[jboss-user] [JBossCache] - Problem when a node tries to join the cluster
jiafan1
do-not-reply at jboss.com
Thu Nov 16 10:13:42 EST 2006
Hello,
I have some problems when try to bring up a new node to an existing cluster. It seems the new node
waits for pretty long time before it receives the join response.

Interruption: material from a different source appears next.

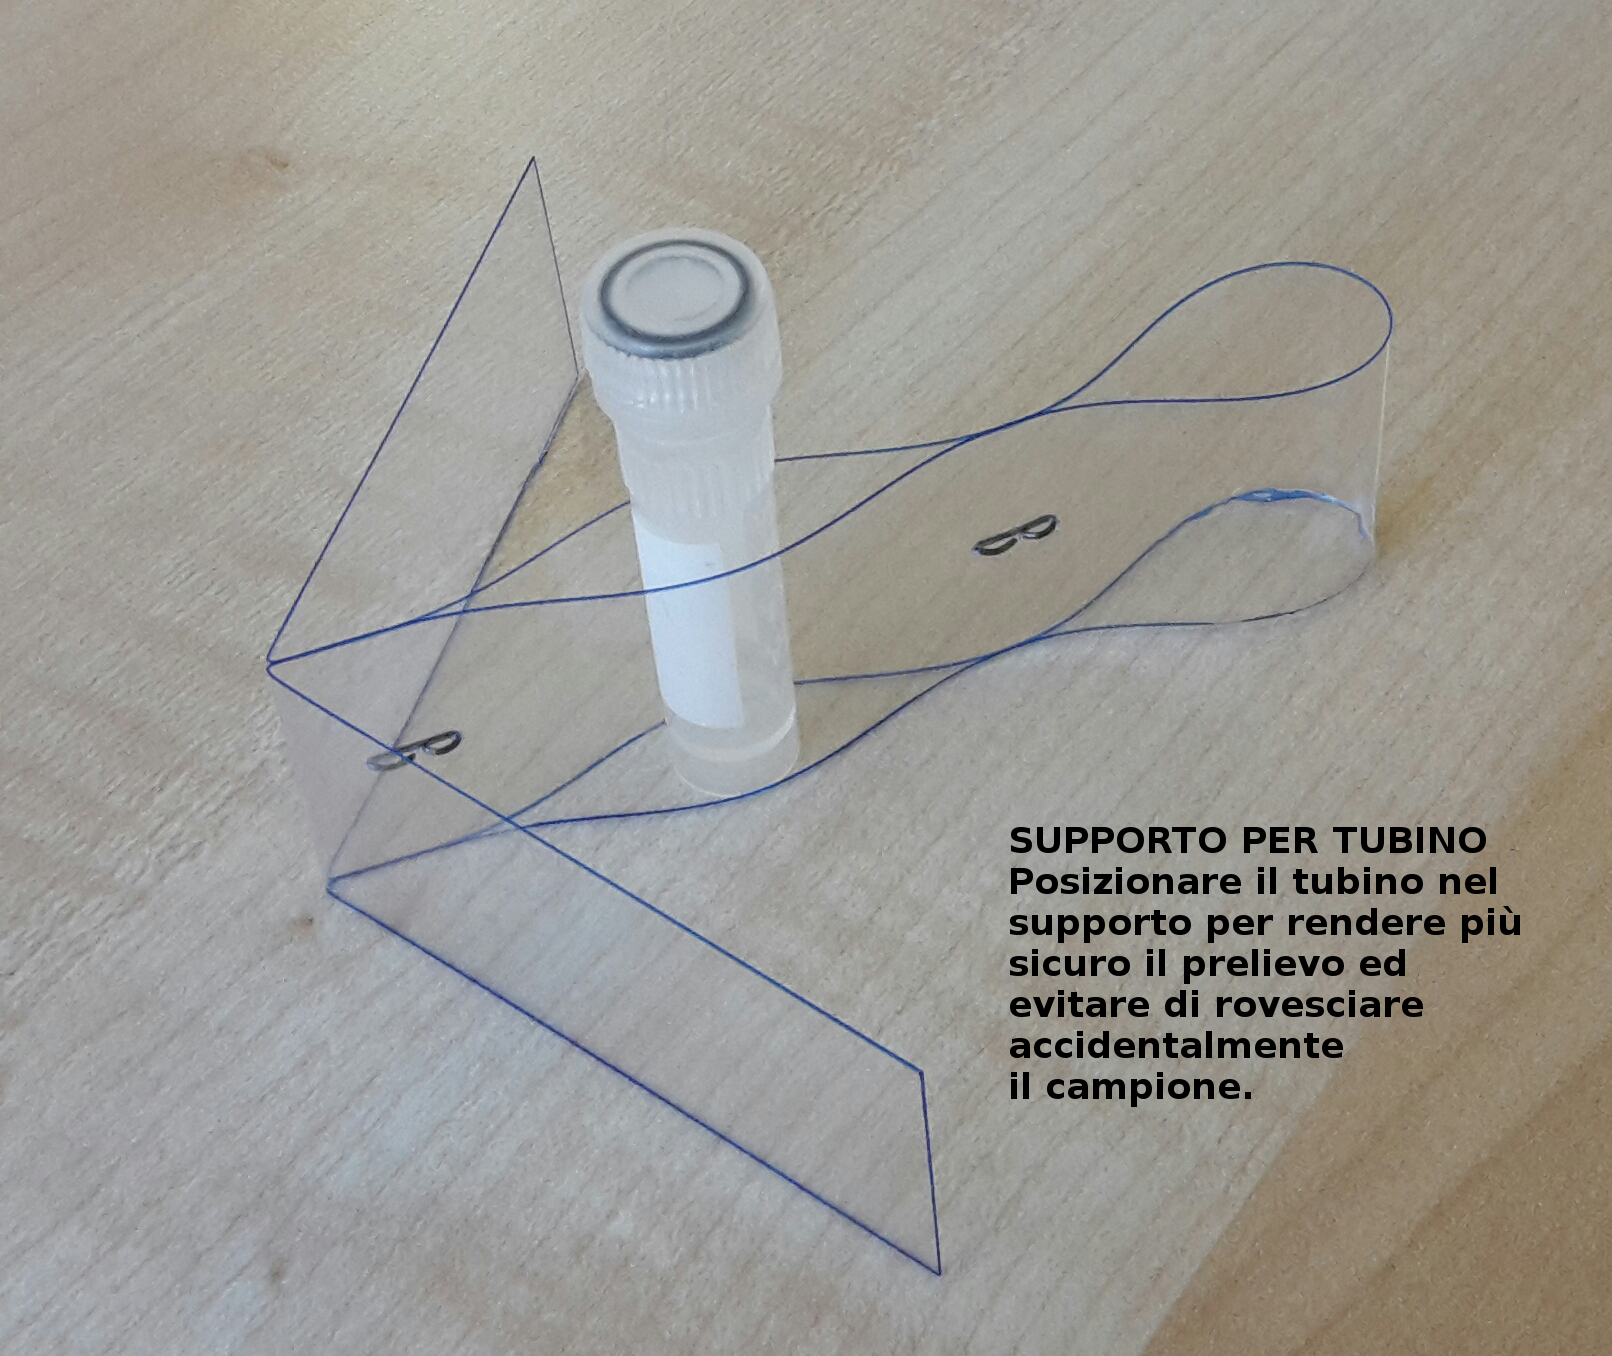 supporto2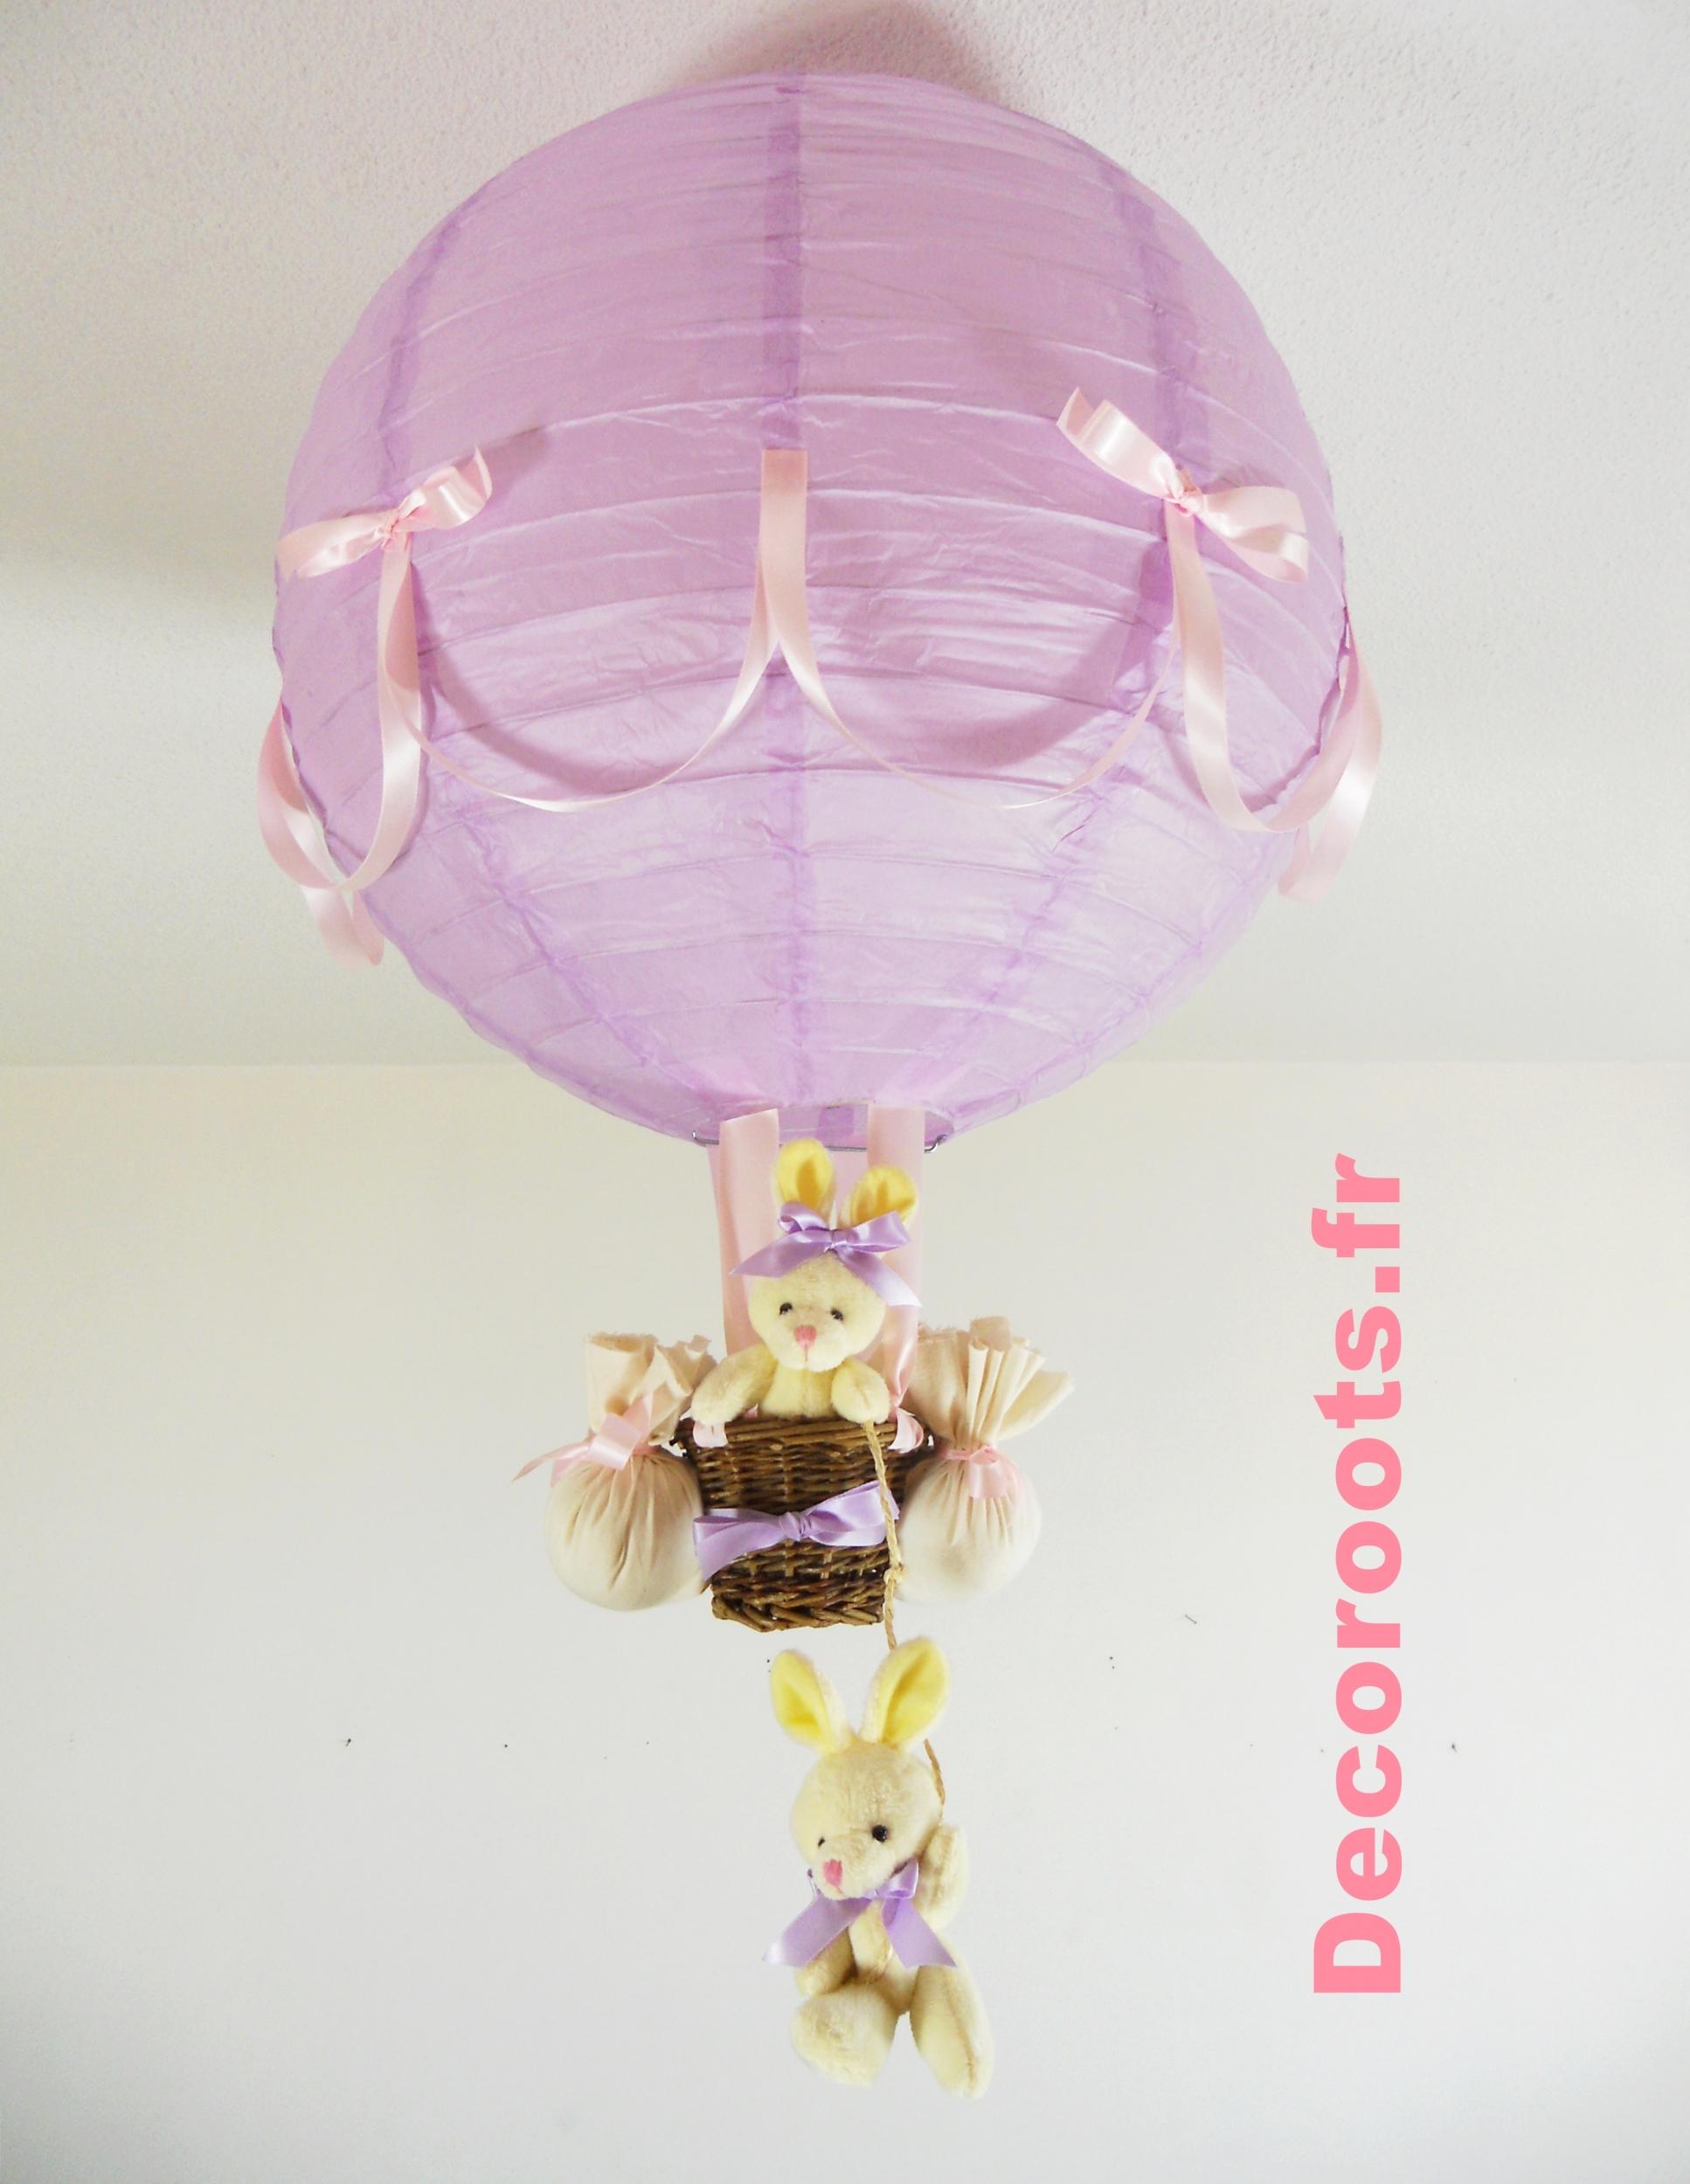 lampe montgolfi re enfant b b lapin violet parme rose. Black Bedroom Furniture Sets. Home Design Ideas

I set the PING timeout to be 2 seconds,
the new node always timed out and thought itself to be the first member in the group, and thus, cannot
fetch the in-memory state from other nodes during startup. Until after sometime, it joined the group, then
everything works fine. But before that, system does not work properly because the cache state is not
synchronized in the new node. (I use JBOSS TreeCache)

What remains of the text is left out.